The main findings of this study are that among tocilizumab treated patients with severe progressive Covid-19 pneumonia, older age and particularly abnormal serum LDH on disease progression are associated with worse survival. These findings were confirmed in a separate cohort of critically ill patients irrespective of treatment with tocilizumab. Factors associated with intubation were P/F on admission and LDH upon disease progression, while need for non-invasive ventilation was associated with P/F ratios on admission and on progression, serum LDH on progression and central disease distribution on computed tomography scan.

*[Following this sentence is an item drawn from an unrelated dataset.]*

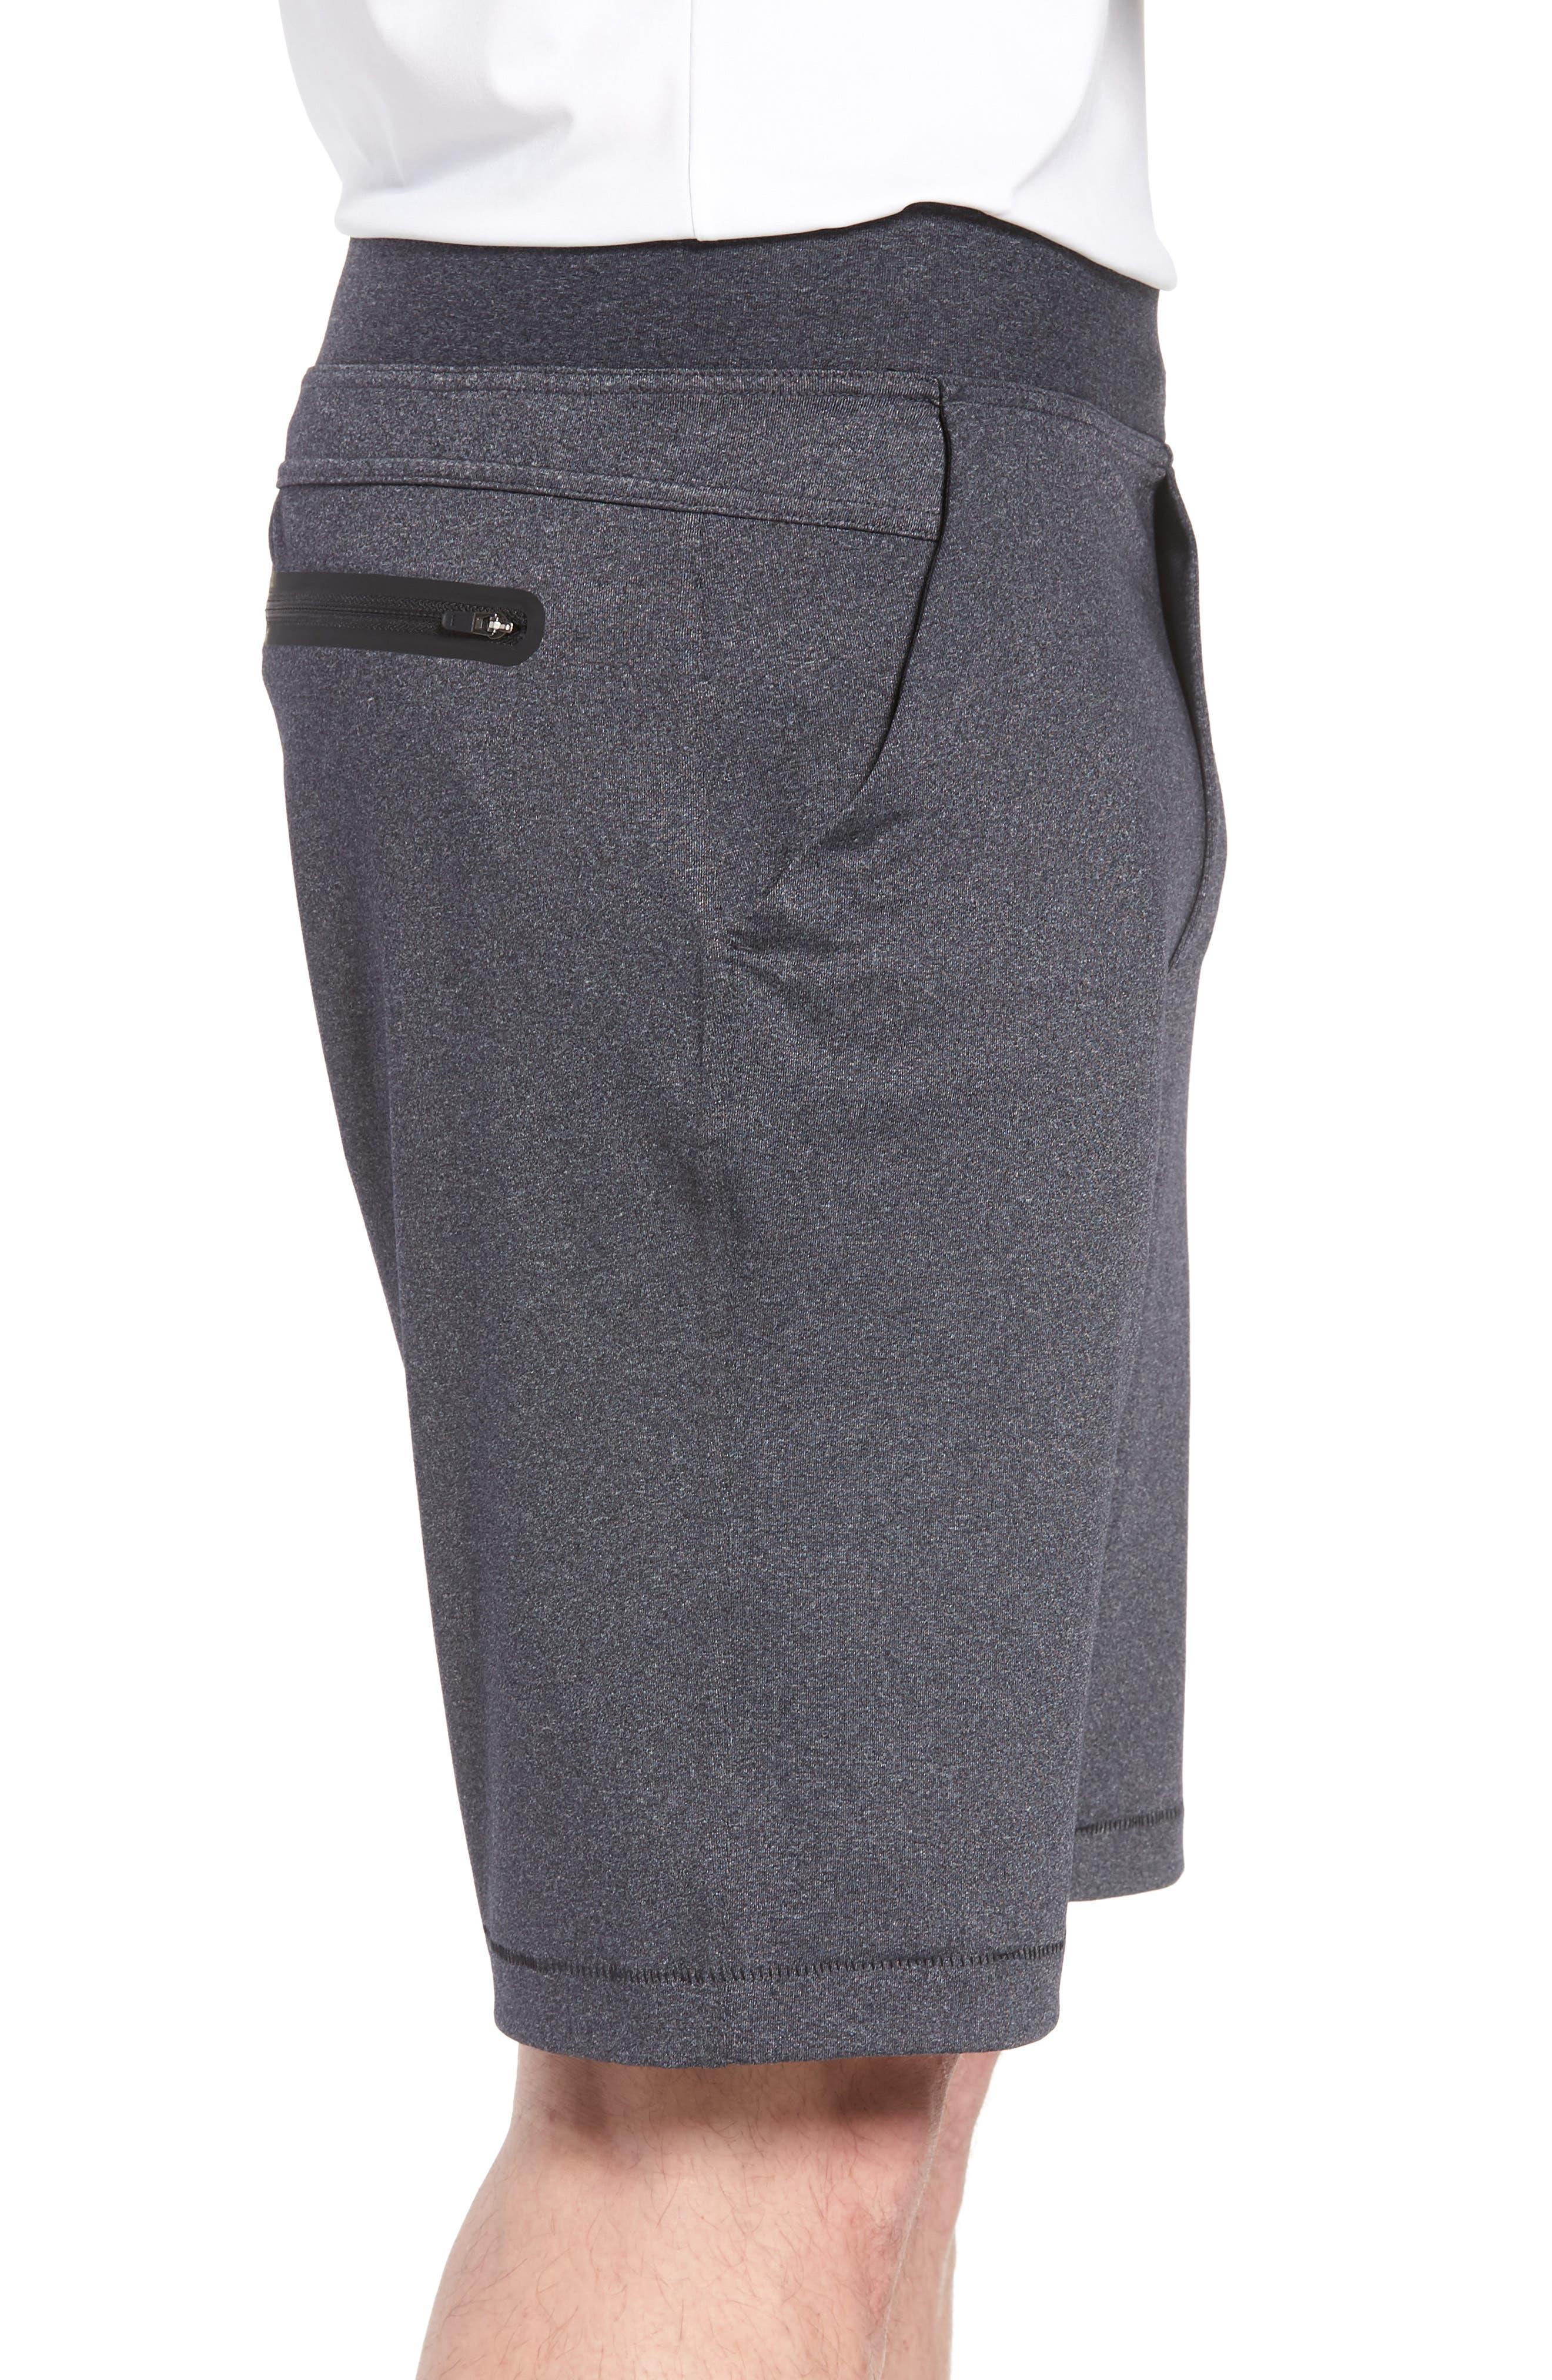 206 Shorts,                             Alternate thumbnail 3, color,                             Charcoal

At first, mortality rate observed in our study is similar to the rates reported in randomized controlled trials of tocilizumab but also in meta-analysis reporting a pooled mortality prevalence around 20–30% [5, 6, 9, 12, 14]. Previous studies have well shown that age is a significant risk factor for covid-19 mortality [15, 16]. Other studies have identified inflammatory markers as neutrophil to lymphocyte ratio, d-dimers, ferritin and c-reactive protein as markers of adverse outcomes [17]. However, data are lacking as to which patient responds to tocilizumab or not.
The discrepancies observed in positive trials (Recovery, REMAP-CAP) and negative trials (CORIMUNO-19, RCT-TCZ-COVID-19 Study Group, COV-AID study group) may be at least partially explained by our study [12, 18, 19]. CRP in our study was elevated, reflecting disease severity and the appropriate national administration guidance, but it was not associated with response to tocilizumab treatment, even when measured serially during disease course. Similarly, in most negative studies, increased serum pro-inflammatory markers IL-6 and CRP were not guaranteeing response to immunomodulatory treatment [20]. These findings taken together point to the necessary discovery of additional biomarkers to guide treatment.

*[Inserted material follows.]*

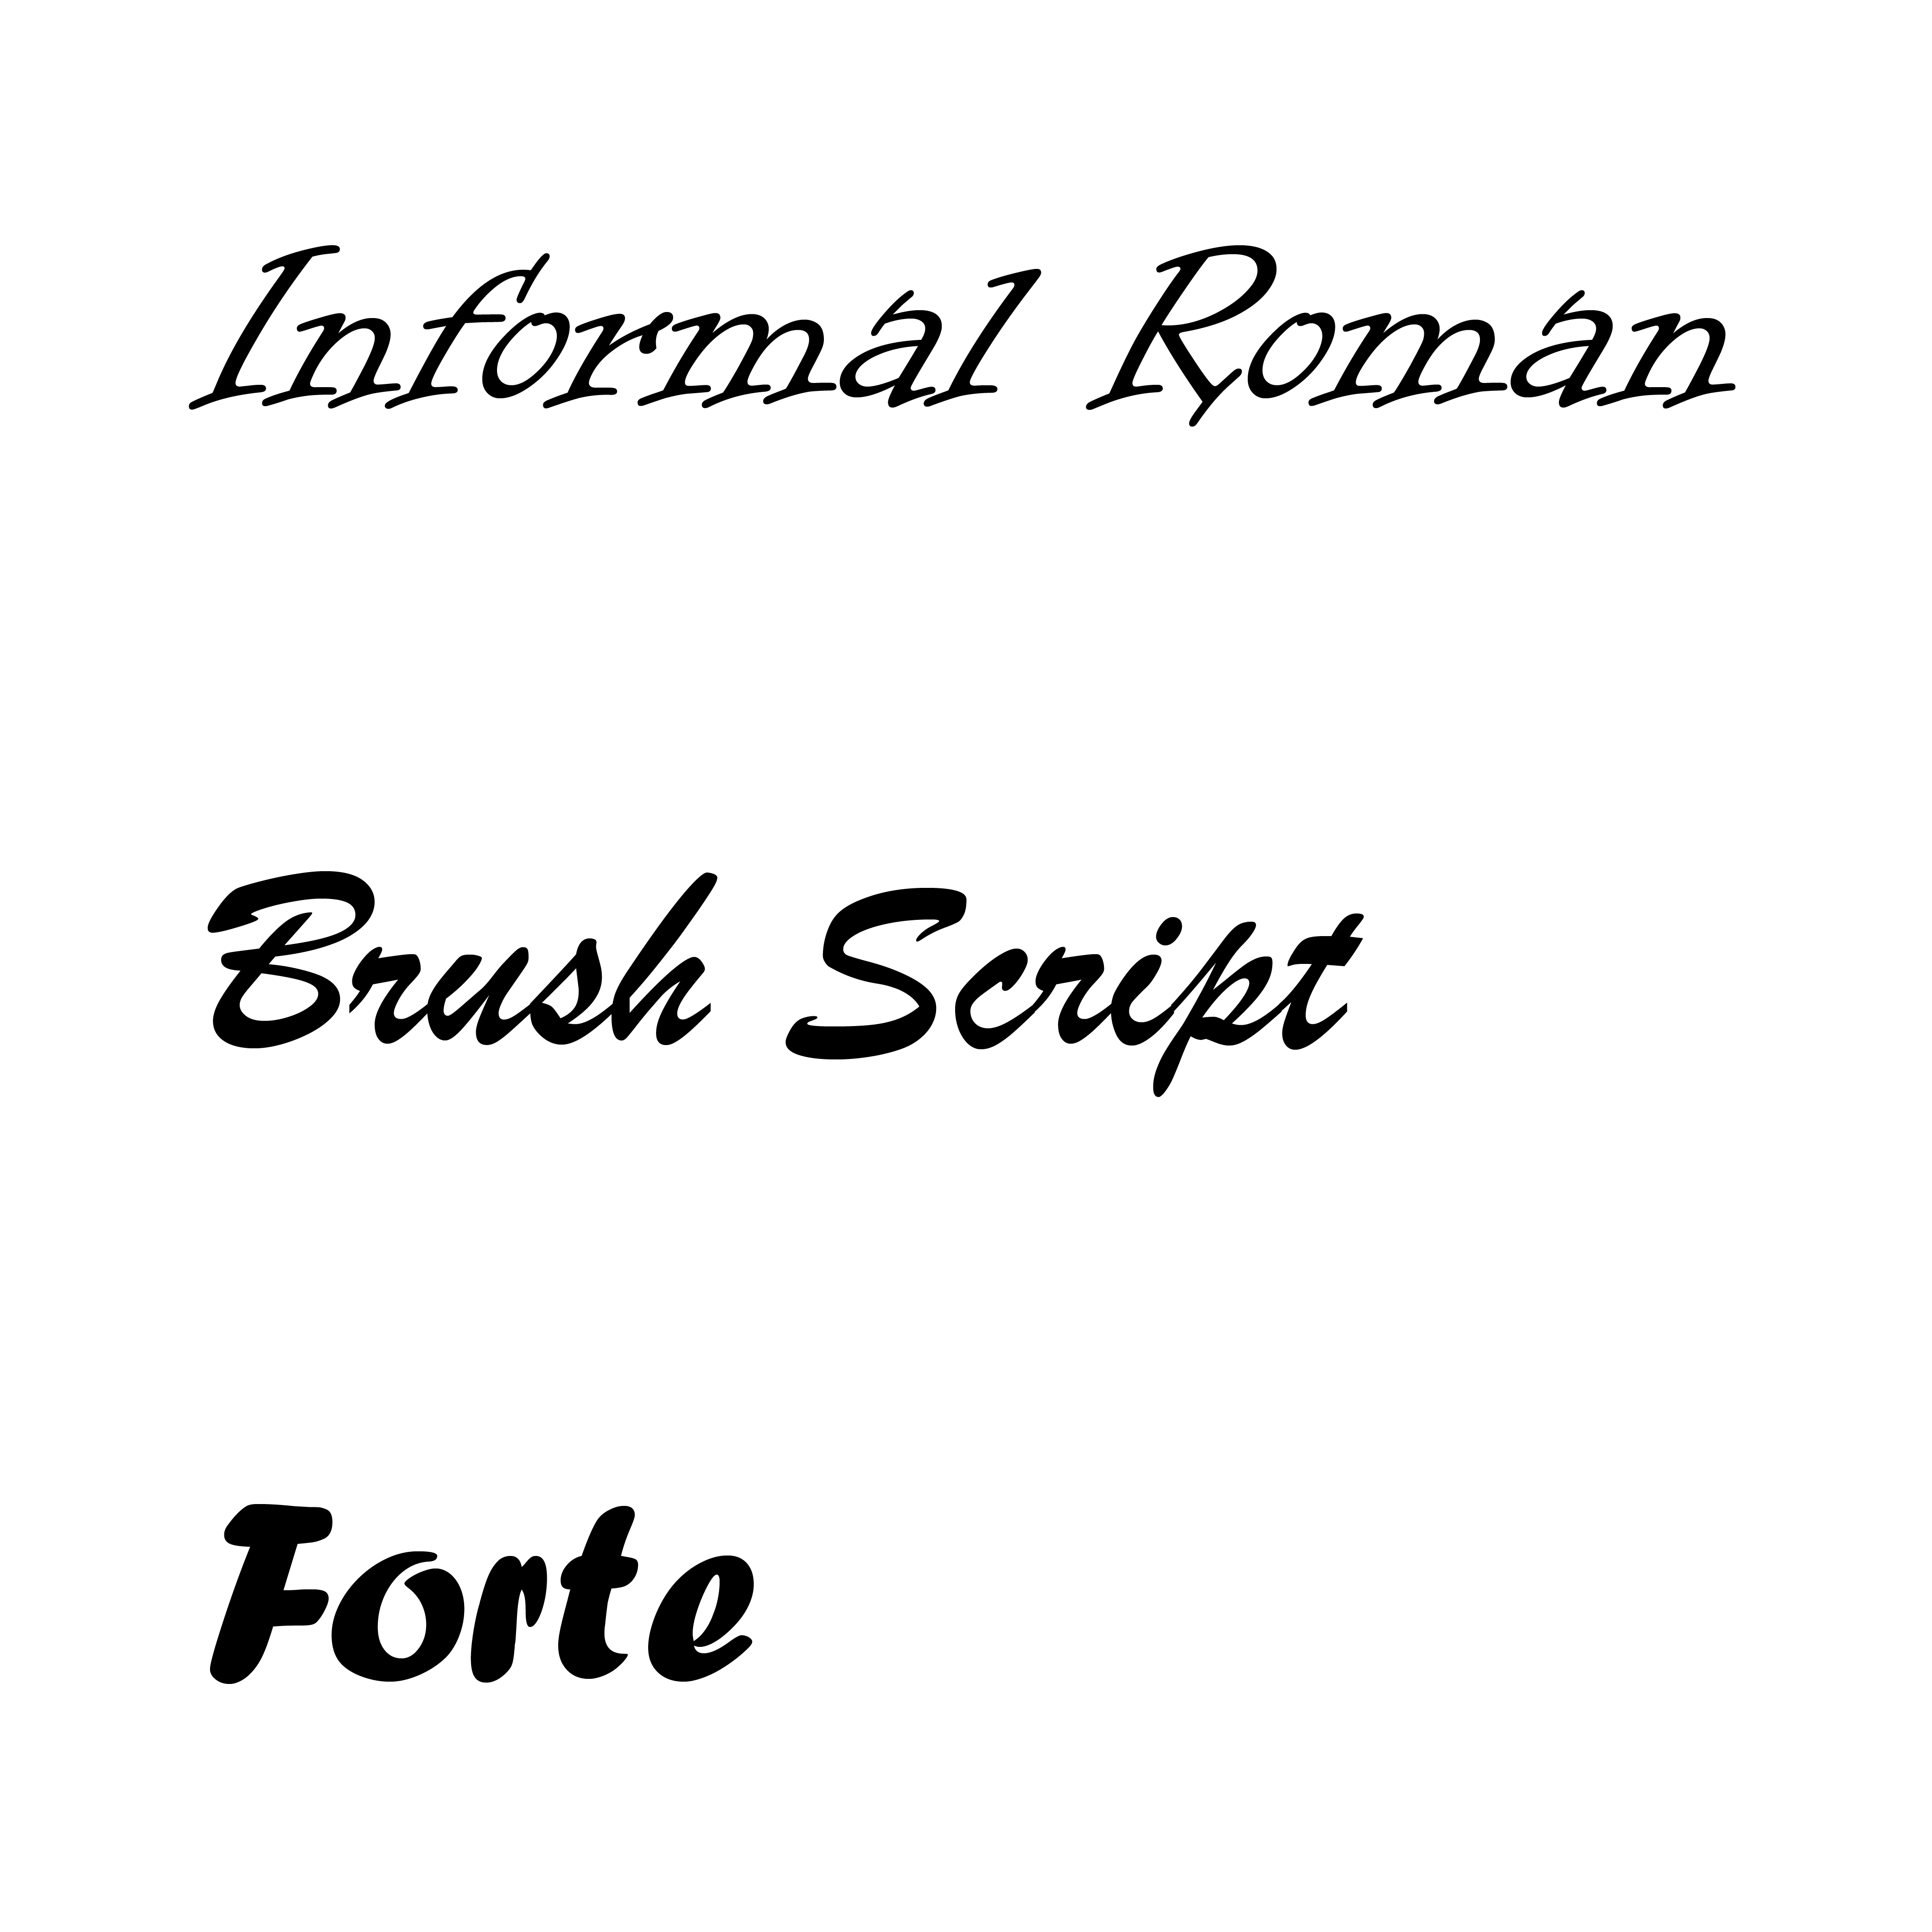 static/images/examples/Schrift_negativ_Beispiel.png

On the contrary, serum LDH has been reported by other authors at the beginning of the course of Covid-19 or to estimate disease resolution and not as a predictor of treatment responsiveness as in our study [21]. Increased serum LDH ≥ 2x to 3x upper limit of normal at time of clinical worsening efficiently predicted all adverse outcomes in our study and was further validated in a severely compromised cohort. Tocilizumab dose and timing of administration (2nd in-hospital day, 10th day of symptoms) was identical between responders and non-responders in our study and similar to previous literature. It is intriguing to suggest, based on these results, that older patients with rising LDH values, irrespective of CRP levels, might benefit from earlier treatment intensification with tocilizumab.
P/F ratio is a crucial indicator for Acute Lung Injury (≤ 300), Acute Respiratory Distress Syndrome (≤ 200) and severe ARDS (≤ 100). Responders in our study had a median P/F ratio 150 when they received tocilizumab, while non responders significantly lower, 100. P/F ratios of > 200 on admission protected from intubation while P/F > 150 upon clinical deterioration protected from the use of NIV. Negative studies employed patients with a ratio > 200 while other investigators focused on patients with P/F ratio < 200 [18, 19, 13]. Studies that would evaluate “earlier” tocilizumab treatment based on P/F ratio in the range of > 100 to < 200 would be useful, in our opinion.

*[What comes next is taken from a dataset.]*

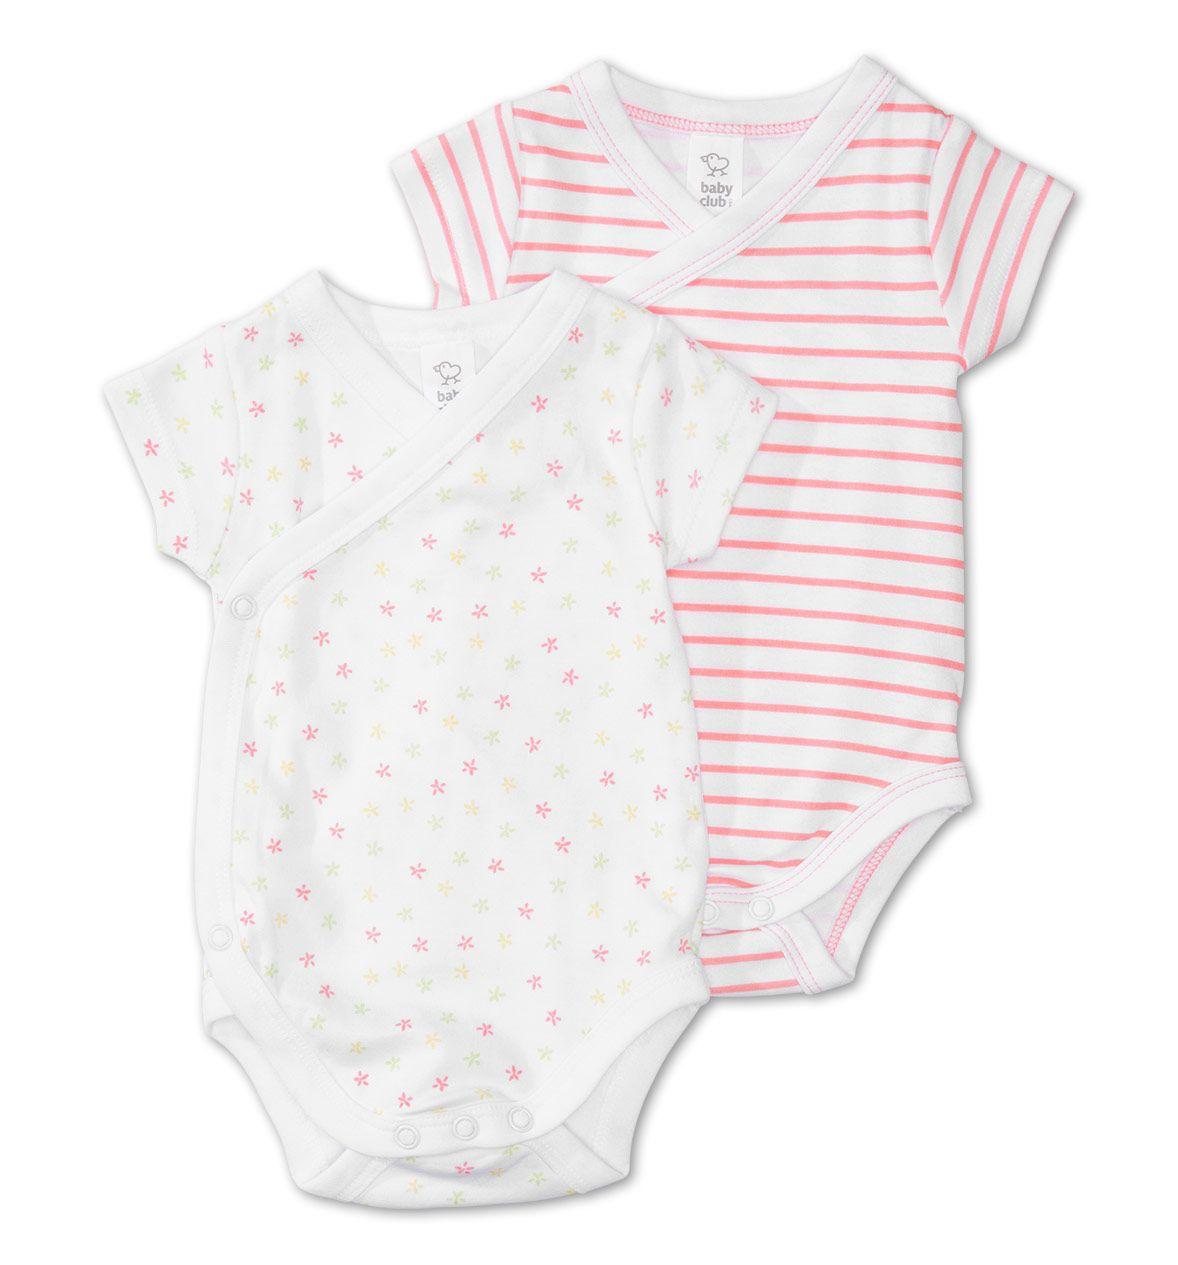 vente à bas prix enfant prix officiel Sklep internetowy C&A   Body niemowlęce, kolor: biały ...

To our knowledge, central disease distribution association with adverse outcomes, is a novel finding not previously reported. Subpleural radiology has been linked with covid-19 resolution [21]. This finding is in line with everyday clinical practice as well. This was significant for NIV, but also, albeit not statistically, for the other two outcomes mortality and intubation. These patients might also need prioritization to treatment and could be the target of future clinical trials.
We acknowledge our study has certain limitations, one being its retrospective design, lack of data posing restrictions in multi-variable analysis and absence of a control group. Further, adverse outcomes reported in this study (all-cause mortality) might be related not solely to severe covid-19 but to other etiologies (i.e pulmonary embolism, sepsis or concomitant other diseases). Lastly, radiology findings were classified by pulmonologists, since this was not designed as a radiology study.
On the other hand, our findings on LDH, P/F ratios and radiology, are relatively novel and of clinical significance. Advantages of our study are the relatively large size of tocilizumab treated subjects, the multi-center design, the 90-days data, the serially recorded clinical parameters and the confirmation of our findings in a separate validation cohort. The high predictive value of our findings, as shown by the significant AUC values in the tocilizumab untreated validation cohort patients, imply that our findings relate to the disease (Covid-19) itself and may be tocilizumab independent.